Eating lettuce on a regular basis can offer many health benefits such as:

1. Promoting weight loss

Lettuce is a vegetable that is low in calories and high in fiber, which can keep you full and lead to weight loss.

Also recommended: Weight Loss Diet: Best Foods to Eat, Avoid & Meal Plan tuasaude.com/en/weight-loss-diet

2. Regulating blood sugar

The fiber present in lettuce slows down the absorption of carbohydrates in the gut, which can prevent a rapid increase in blood sugar. This makes lettuce an excellent option for diabetic or pre-diabetic people.

3. Promoting eye health

Lettuce is rich in vitamin A, an important micronutrient for maintaining eye health. It can be help to prevent xerophthalmia and night blindness, as well as macular degeneration associated with age.

4. Preventing premature skin aging

Thanks to its antioxidant action, consuming lettuce helps to protect skin cells from damage caused by free radicals. It also contains vitamin A and E, which protects the skin from the sun's UV rays. The vitamin C found in lettuce can also promote healing and collagen production in the body, which can reduce the development of wrinkles.

Lettuce is also rich in water, which can contribute to the skin's overall hydration. 

5. Maintaining bone health

Lettuce is rich in several minerals such as calcium and phosphorus, which are related to bone formation. In addition, it also contains magnesium, which plays a role in absorption and adherence by suppressing the the hormone responsible for bone reabsorption.
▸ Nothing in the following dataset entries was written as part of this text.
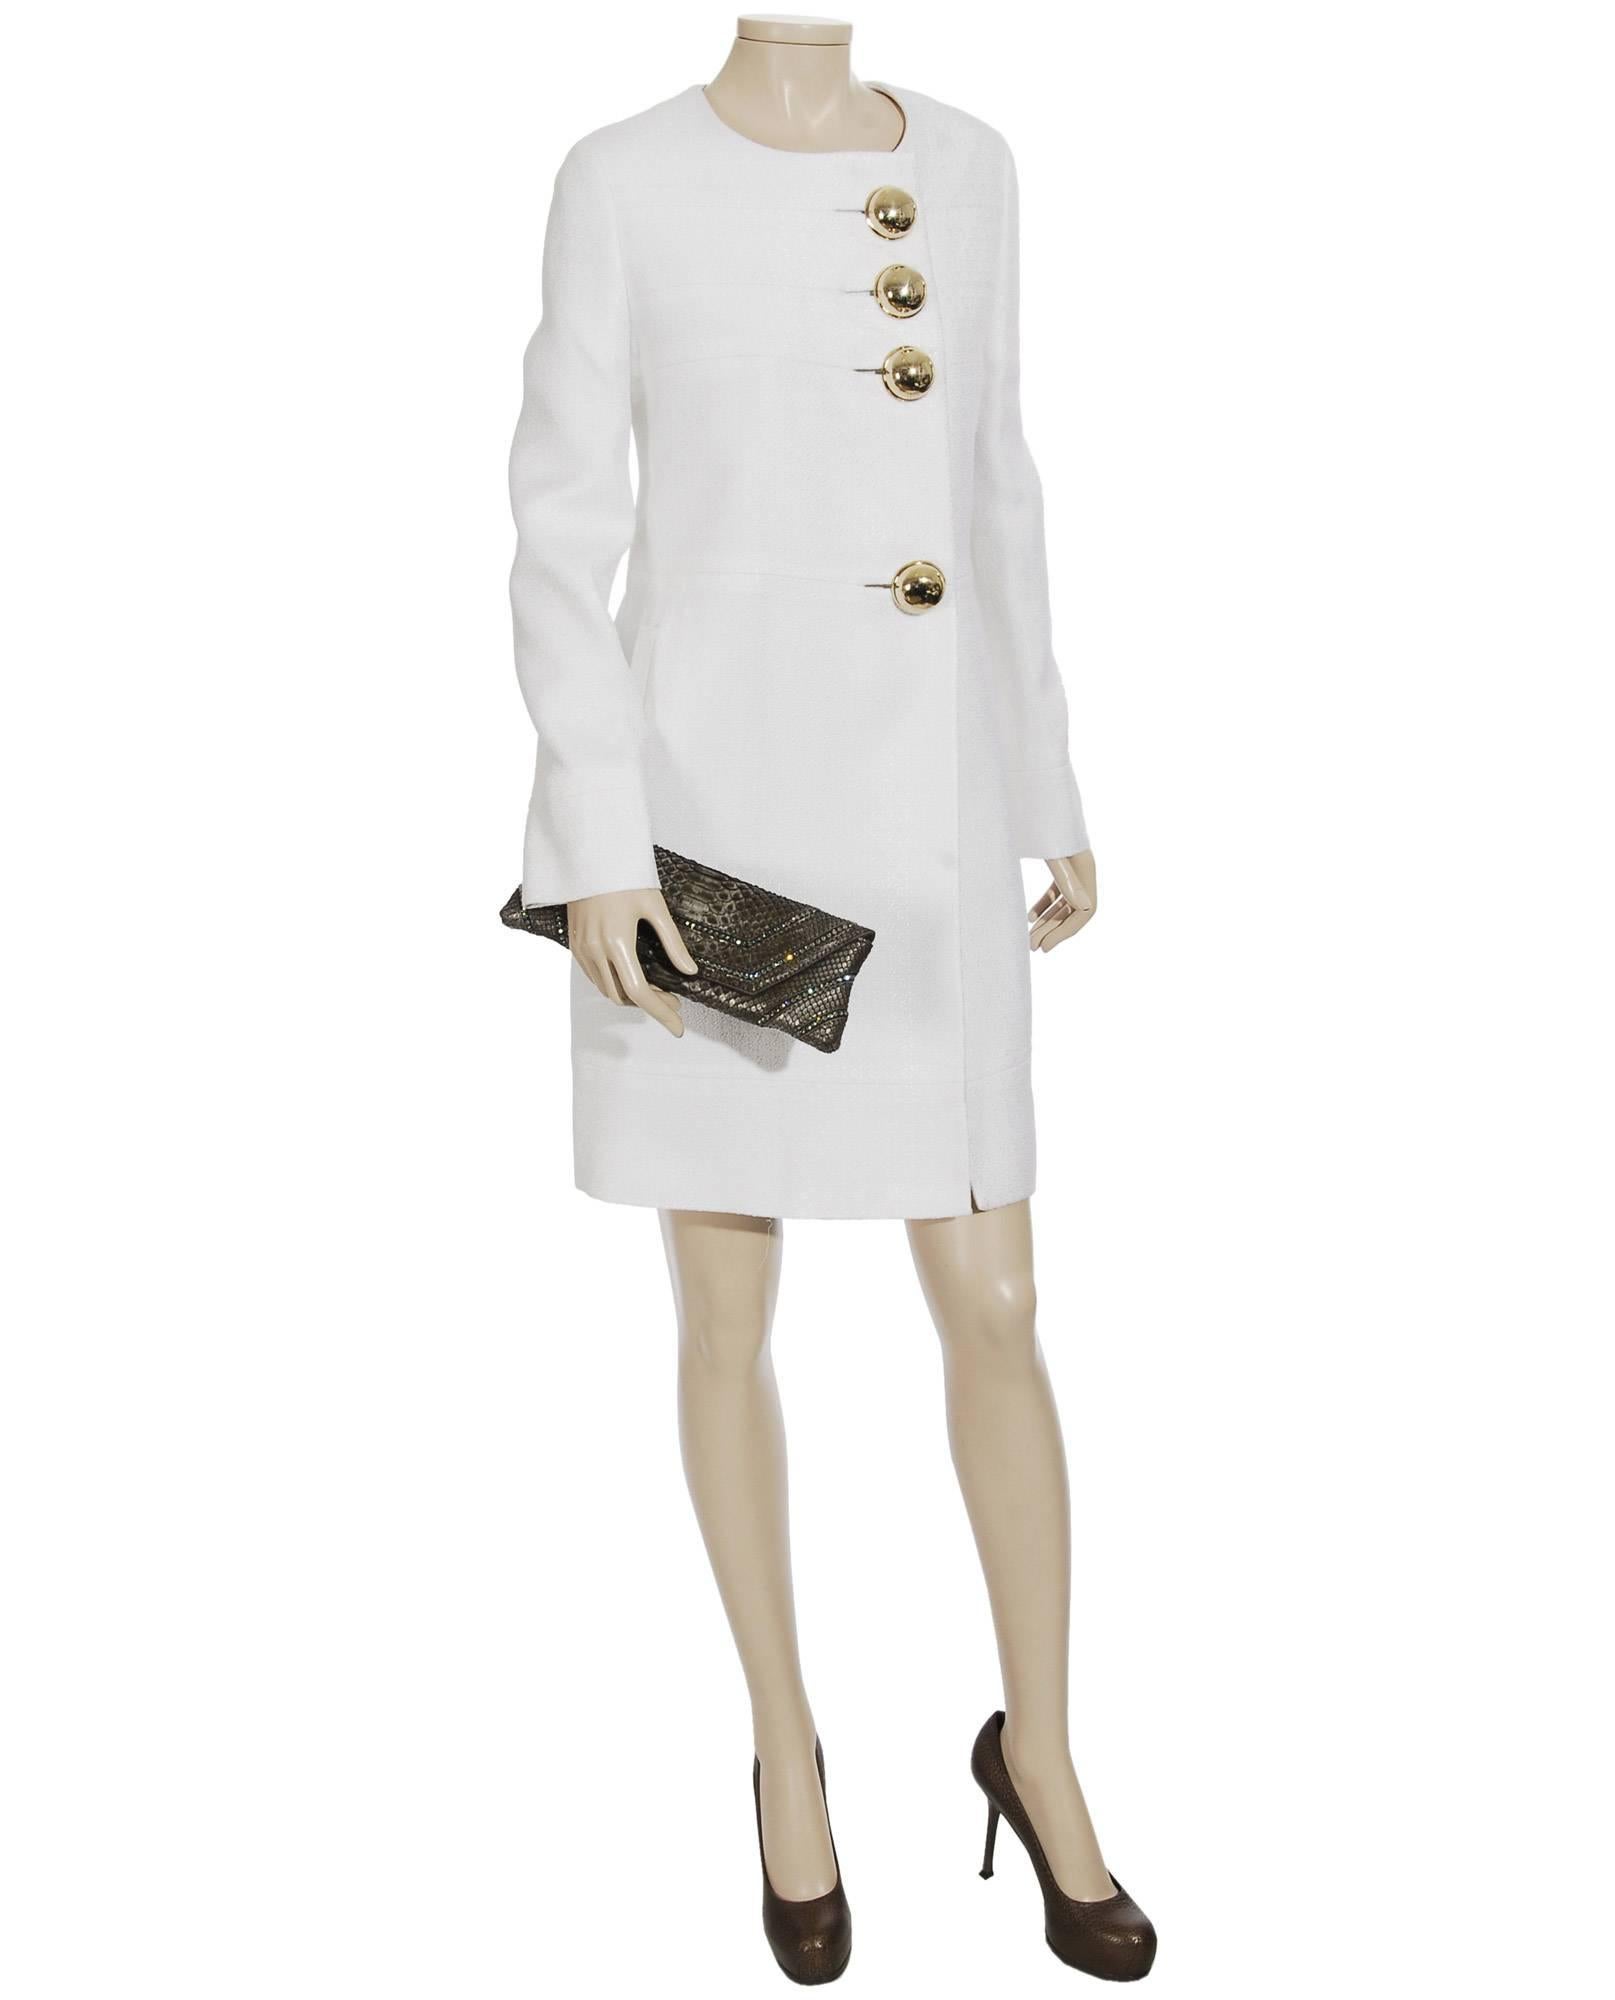  Stunning Versace Coat With XL Button Detail

This beautiful coat is both an absolute IT-PIECE and timeless classic! Dress like British royalty!

DETAILS: 

A great piece made by VERSACE
This gorgeous coat is made out of fine ivory fabric
Huge XL

Furthermore, this vegetable also contains vitamin K, which is also related to strengthening bones.

6. Preventing anemia

Because it contains folic acid and iron, eating lettuce can also prevent and treat anemia, as these are minerals related to red blood cell formation. Due to the type of iron that lettuce provides, it is important to eat vitamin C foods when consuming lettuce to ensure iron absorption.
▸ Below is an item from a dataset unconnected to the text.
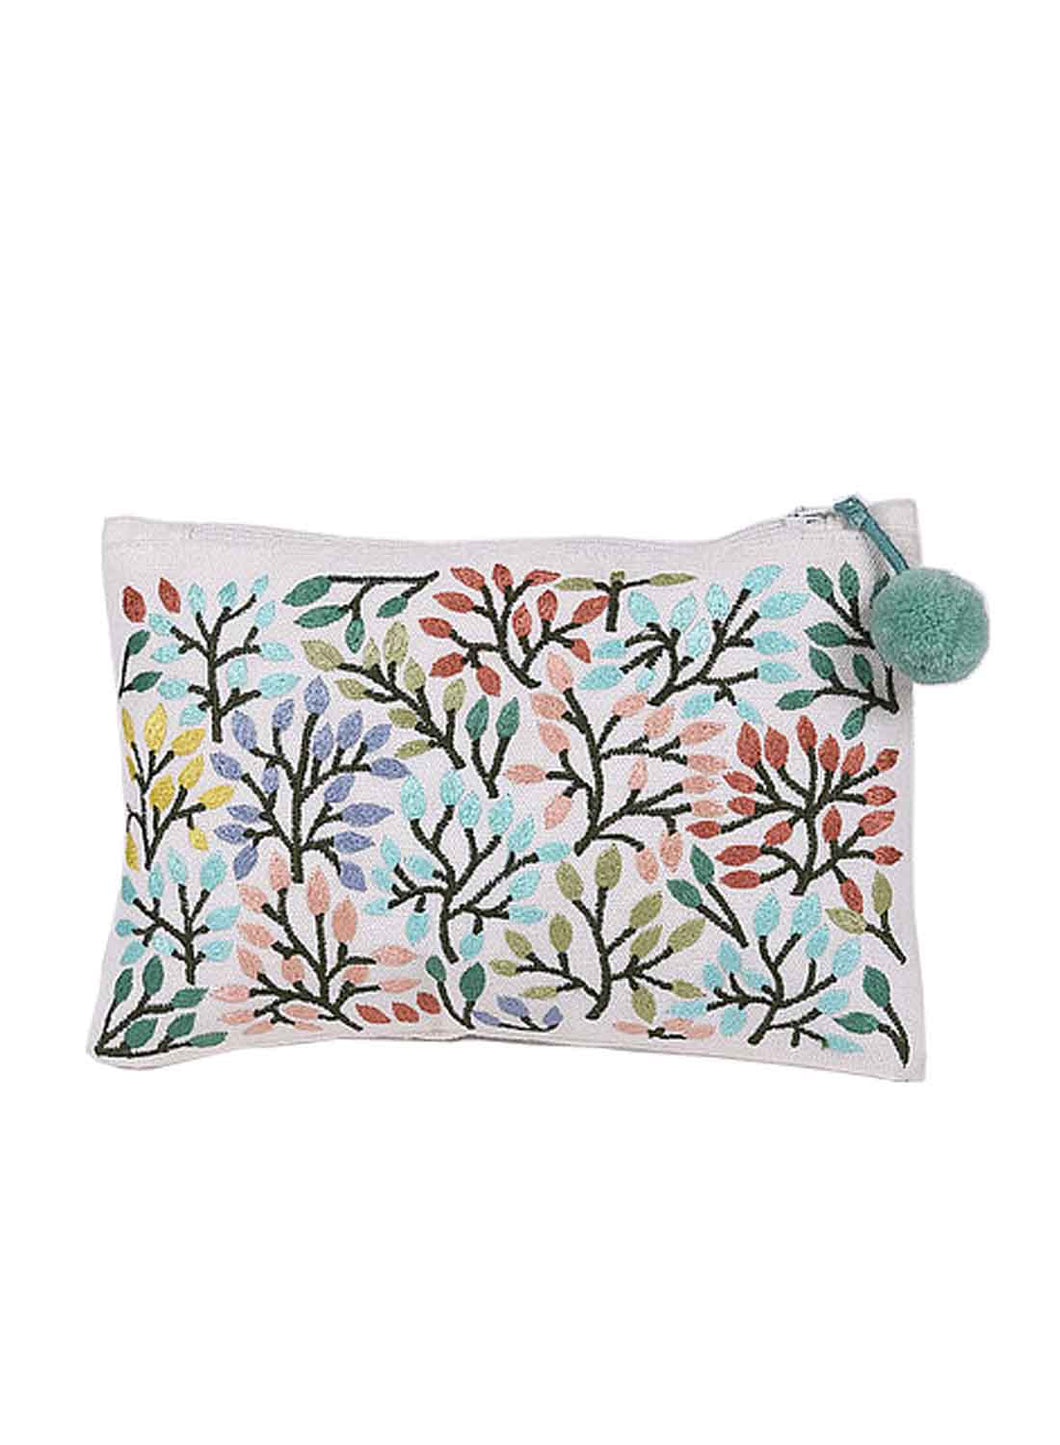 Kanyoga Spring Glow Embroidery Cotton Pouch With Pom Pom Attached For Women

7 Helping to fight insomnia

Lettuce has soothing properties that help to reduce stress and excitability of the central nervous system. It can be prepared as a tea help to combat insomnia and promote better sleep.

Read about other teas for sleep that you can make for a better night's sleep.
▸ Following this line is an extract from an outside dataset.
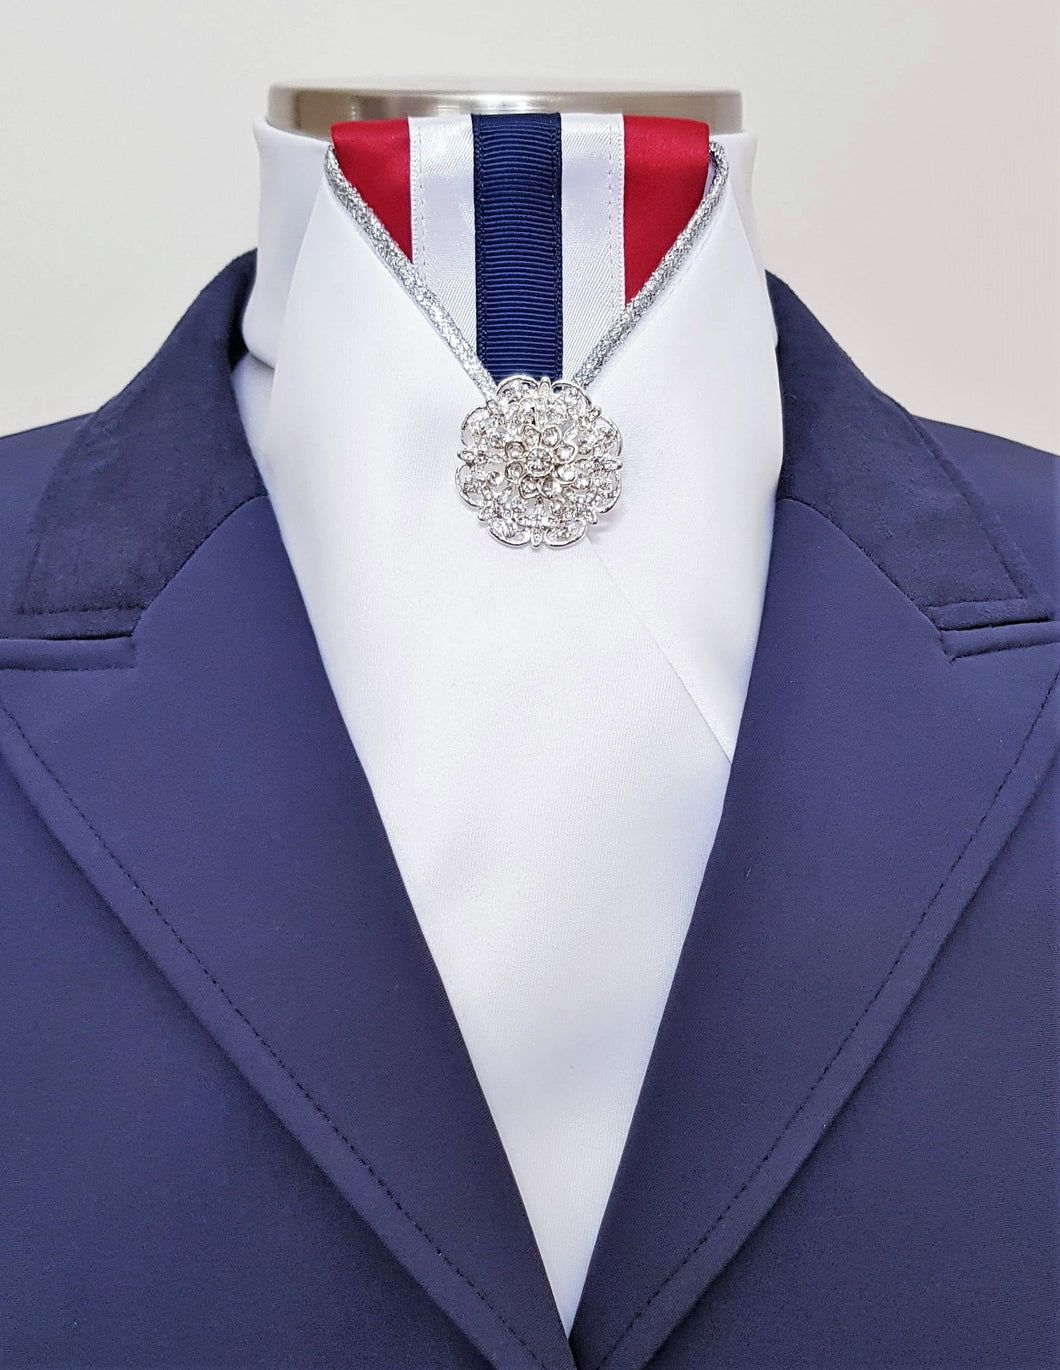 ERA LOTTA STOCK TIE - White satin, red, white & blue striped, silver piping and brooch

8. Exerting antioxidant action

Lettuce is rich in antioxidants, because it contains vitamin C, carotenoids, folates, chlorophyll and phenolic compounds. These prevent damage caused by free radicals and, therefore regular consumption may help to prevent chronic diseases, like cancer.

Also recommended: Antioxidants: Health Benefits, Food List & Supplements tuasaude.com/en/antioxidants

9. Fighting constipation

Because it is high in fiber and water, lettuce can add bulk and hydration to the stool, which can make it easier to eliminate. Therefore, lettuce is a great options for treating constipation. Check-out other laxative foods you can add to your diet to fight constipation.

10. Combating fluid retention

Eating lettuce on a regular basis helps to reduce fluid retention, as it contains lots of water. 100 g of lettuce, for example, has 95.9 grams of water, and therefore, it can be used to promote fluid elimination through the urine.

Types of lettuce

There are several types of lettuce, the main ones being:

  • Iceberg, which is characterized by being round and having light green leaves;
  • Boston, in which the leaves are smoother and softer;
  • Summer crisp, which has leaves with waves at the end, in addition to being smooth and soft;
  • Romaine, in which the leaves are wider, longer and curly and dark green in color;
  • Red leaf, which has red or purple leaves.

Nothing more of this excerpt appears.